▶ Data extract:
=== Section Start ===

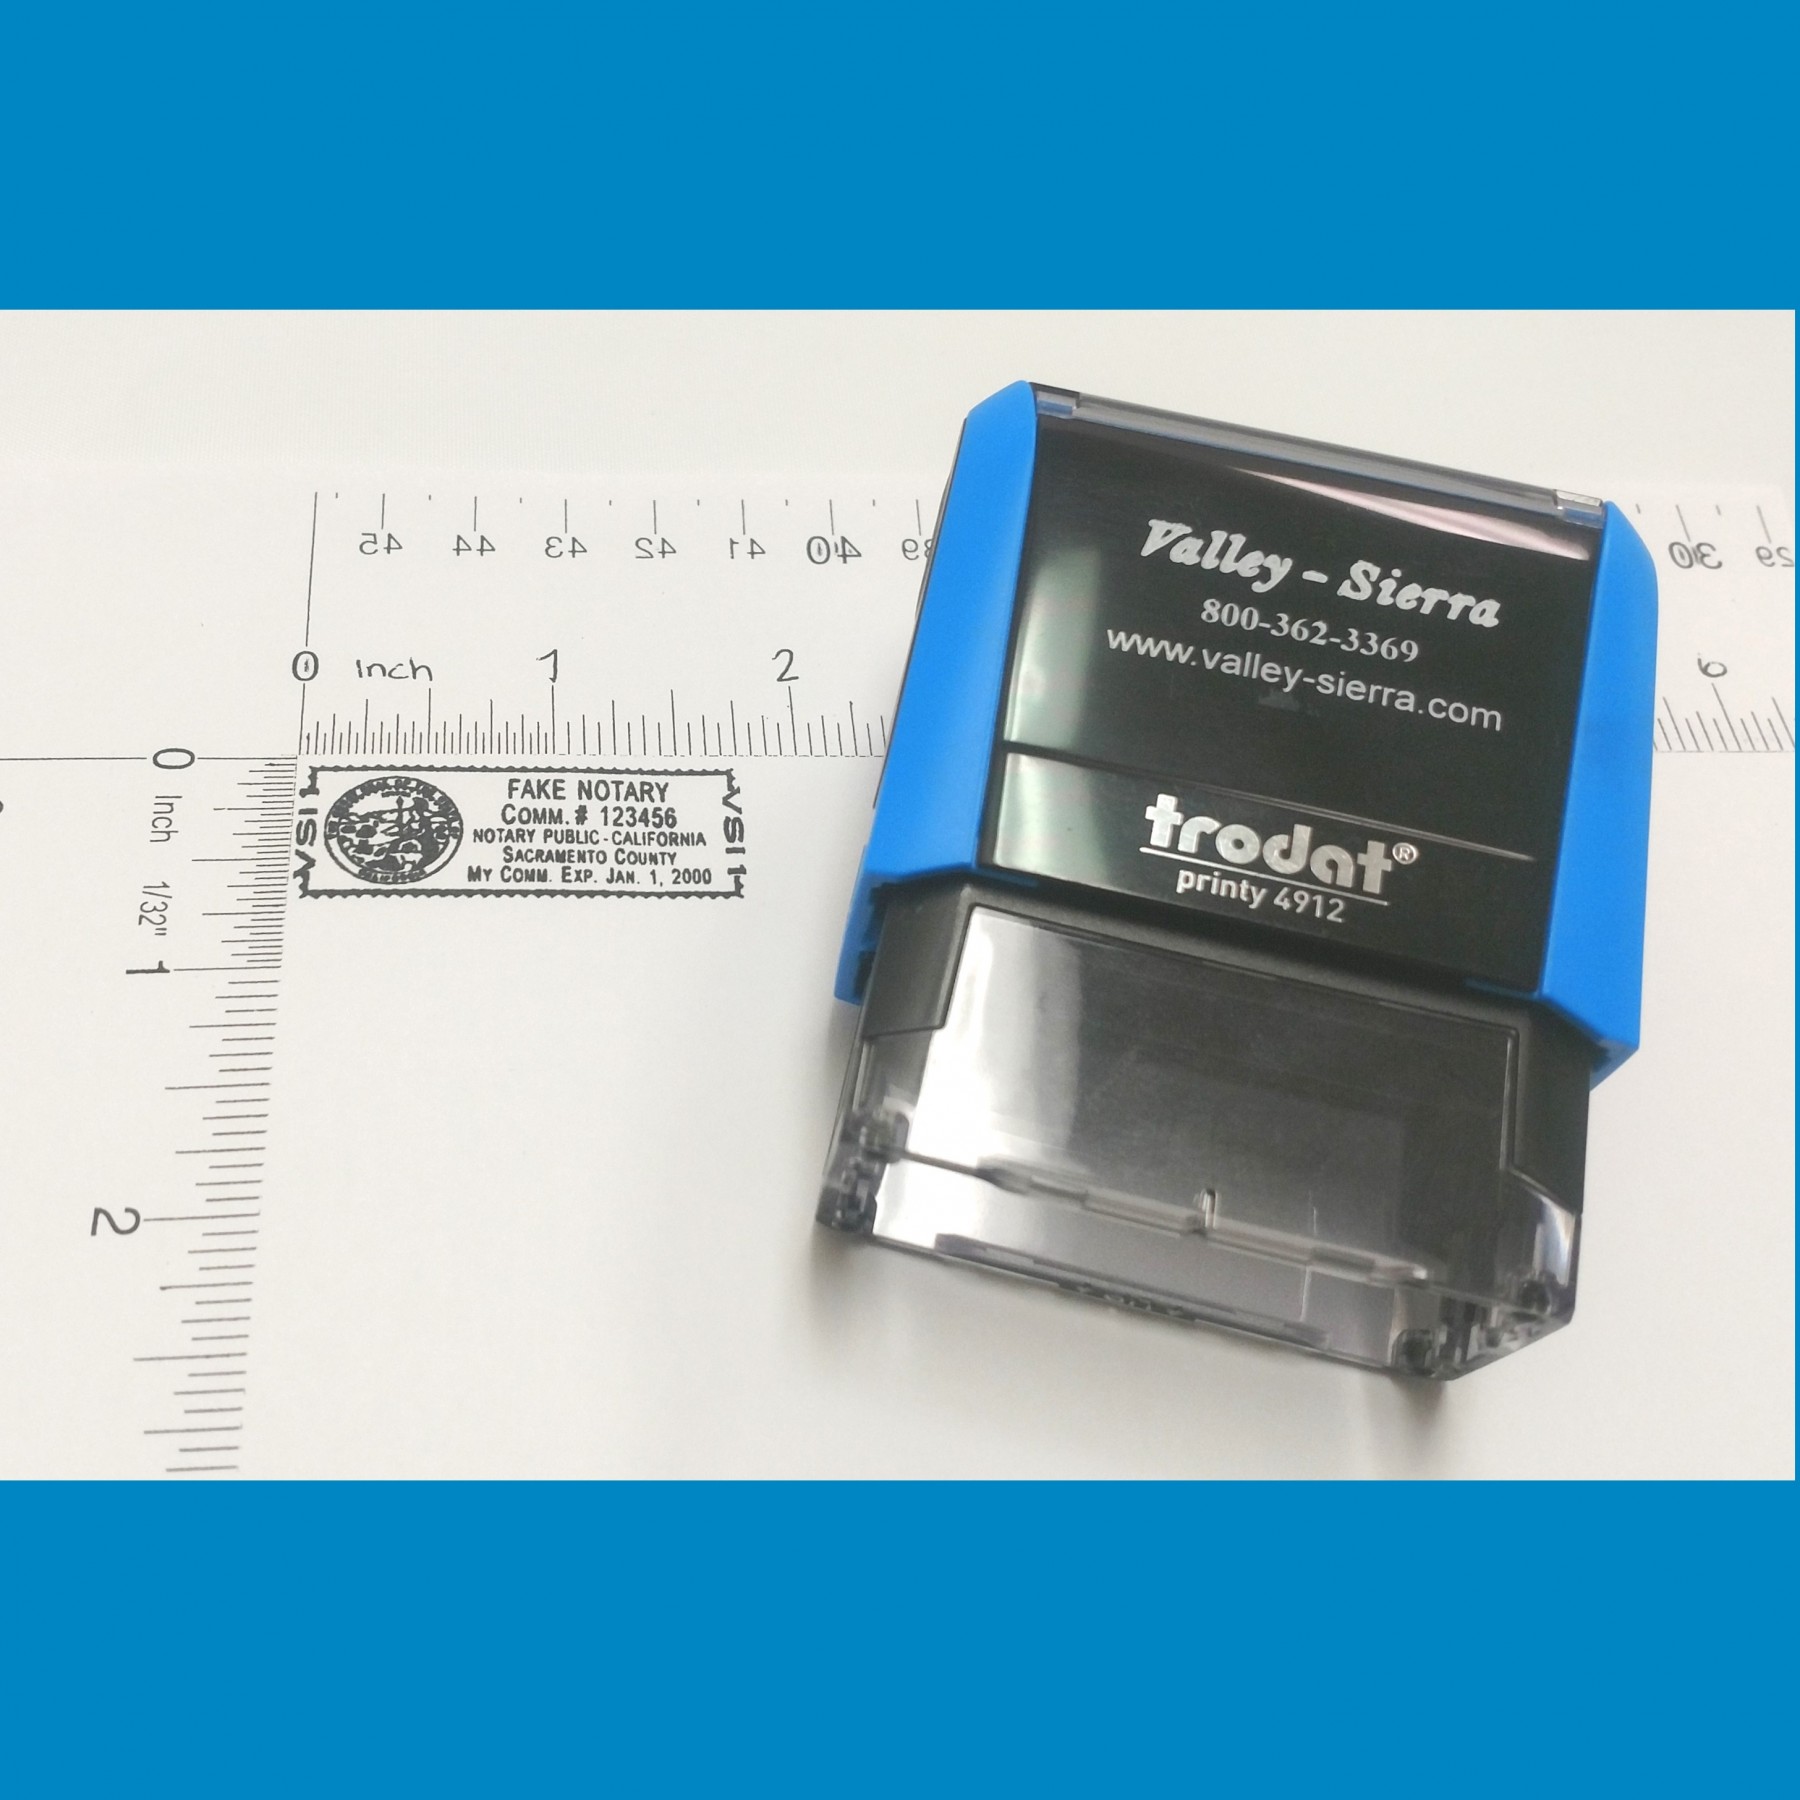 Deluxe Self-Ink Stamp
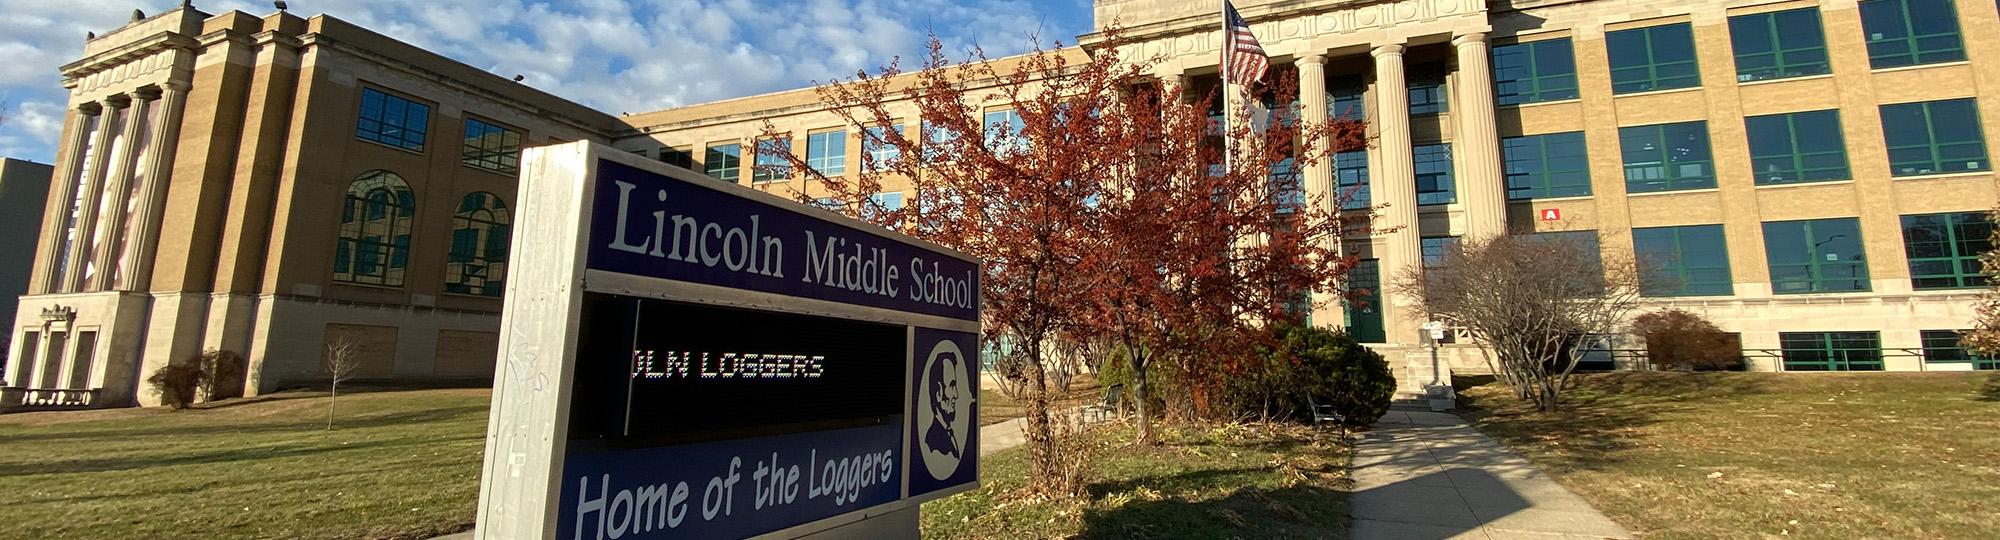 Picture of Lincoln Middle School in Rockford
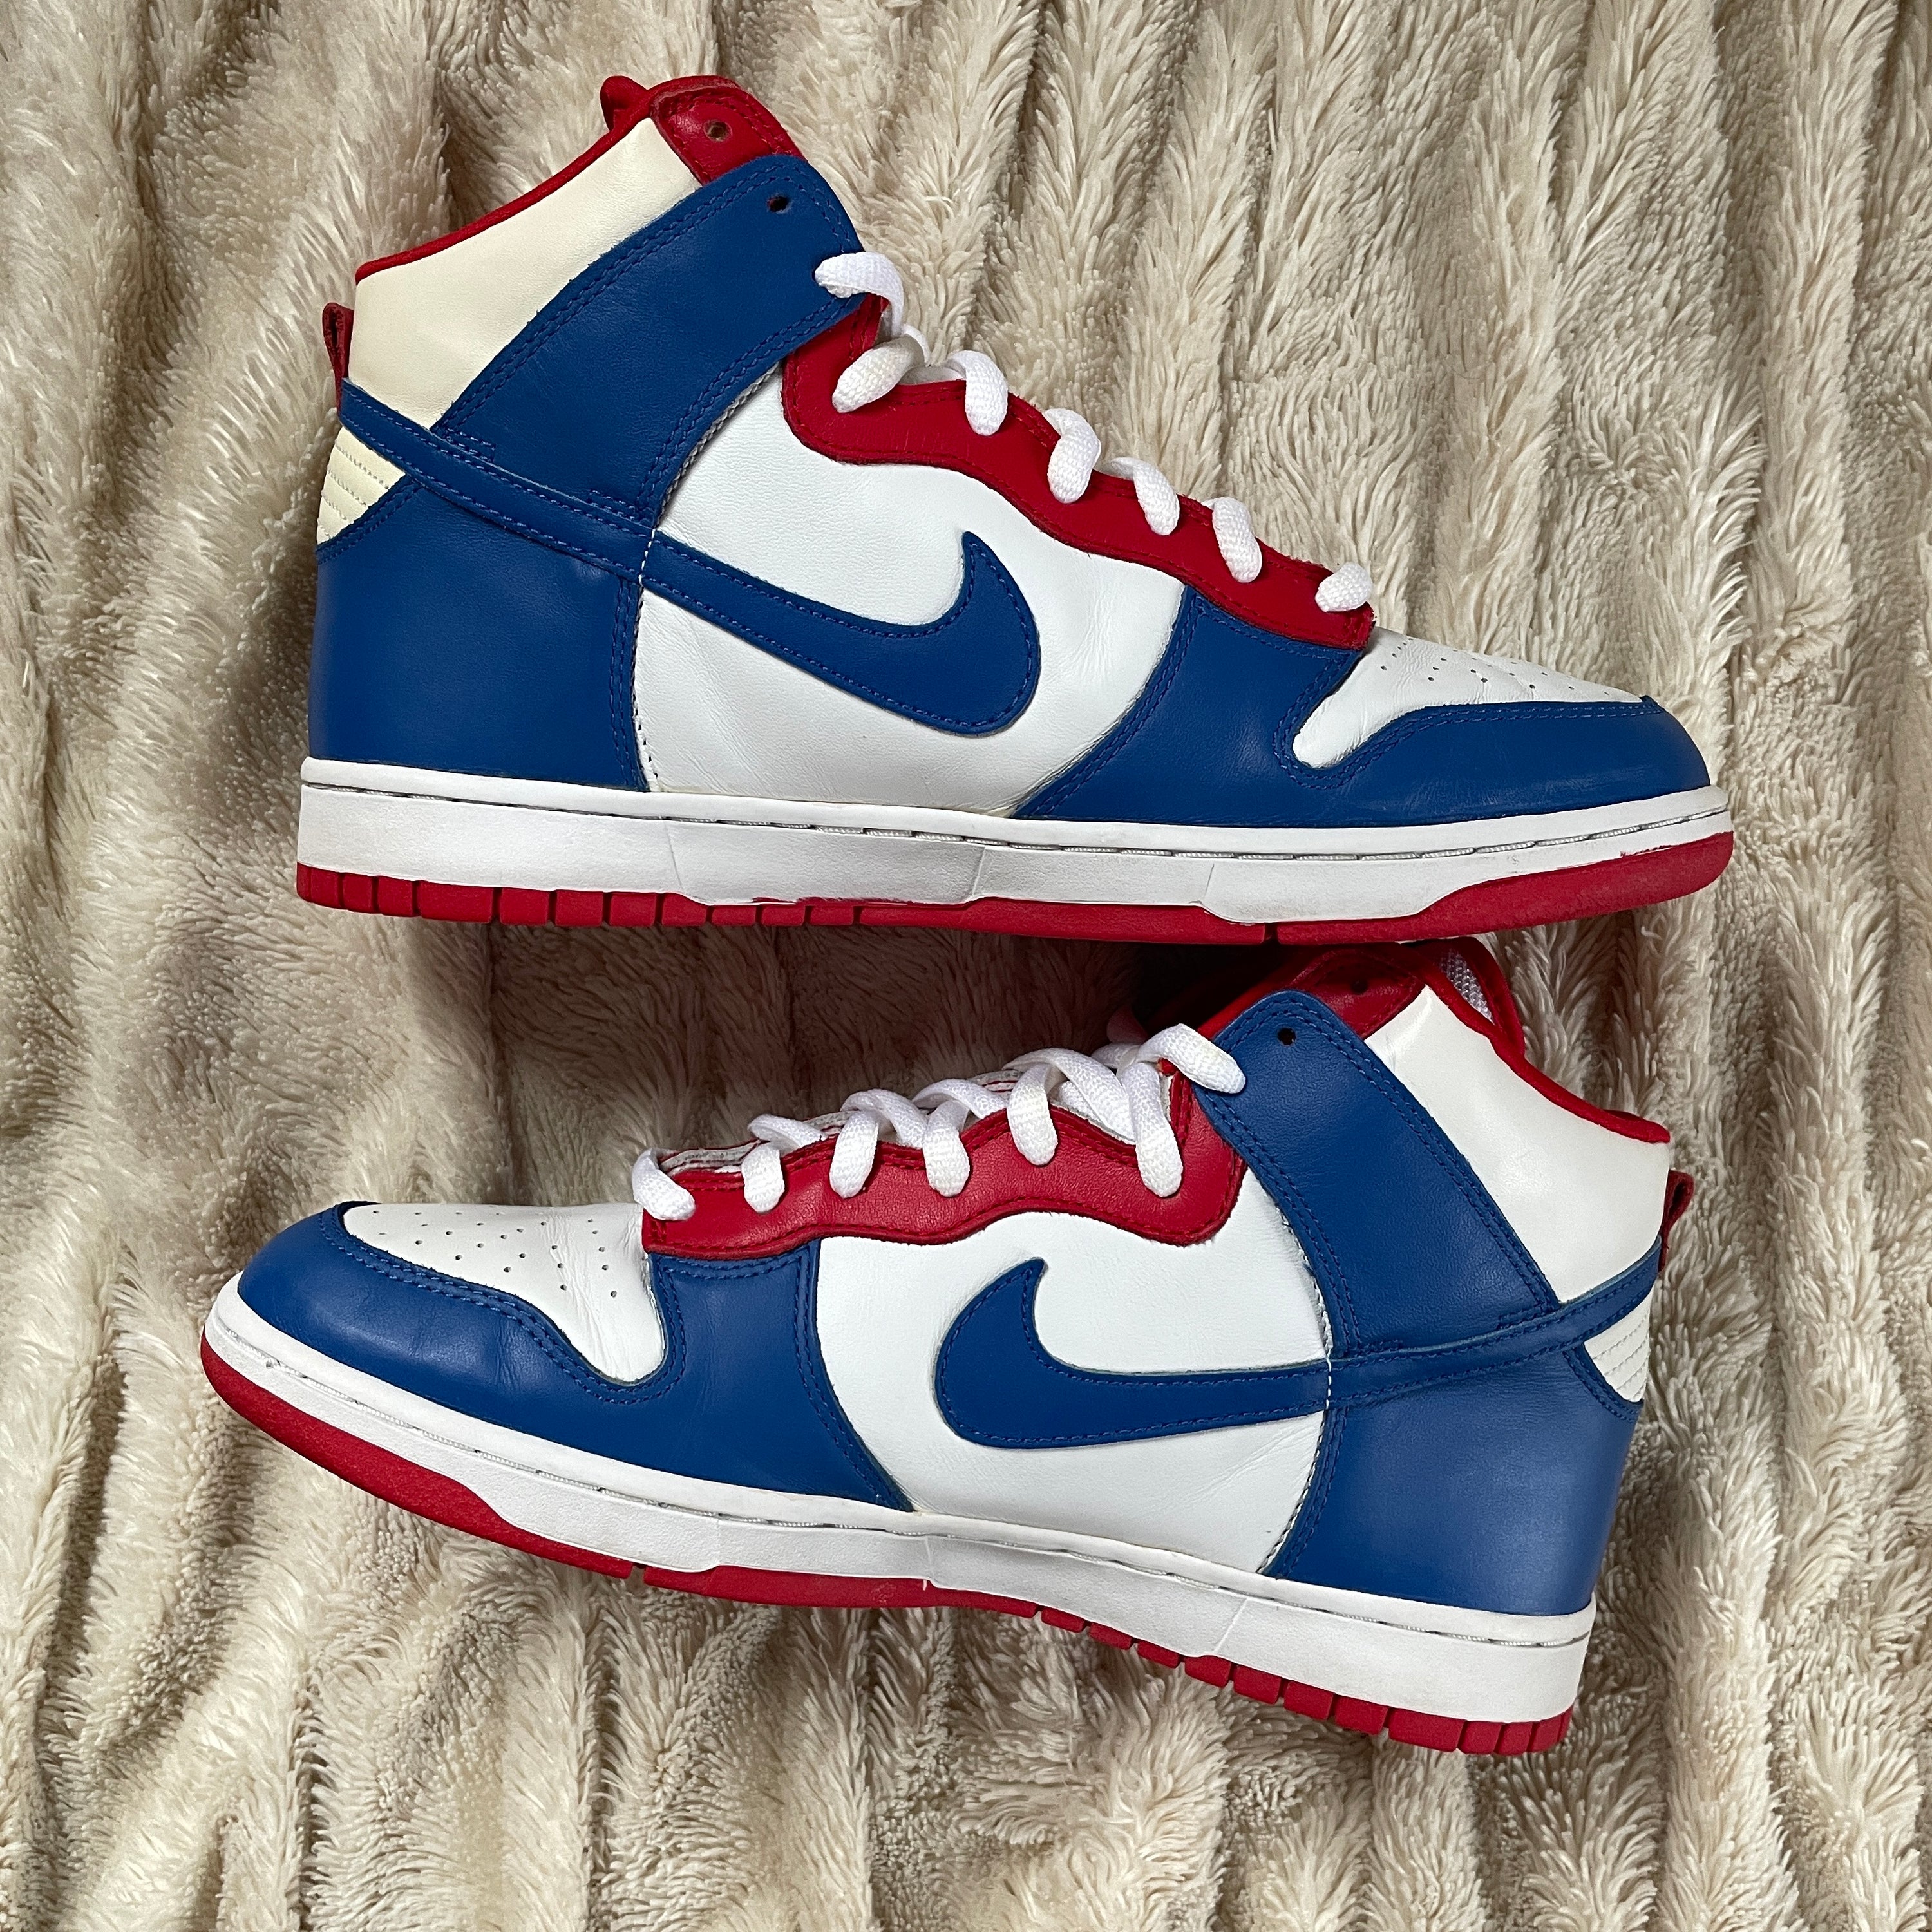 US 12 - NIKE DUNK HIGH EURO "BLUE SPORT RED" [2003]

=== Section End ===

Every line of the listing above is to be set down verbatim, without the pictures.

 Deluxe Self-Ink Stamp
 Picture of Lincoln Middle School in Rockford
 US 12 - NIKE DUNK HIGH EURO "BLUE SPORT RED" [2003]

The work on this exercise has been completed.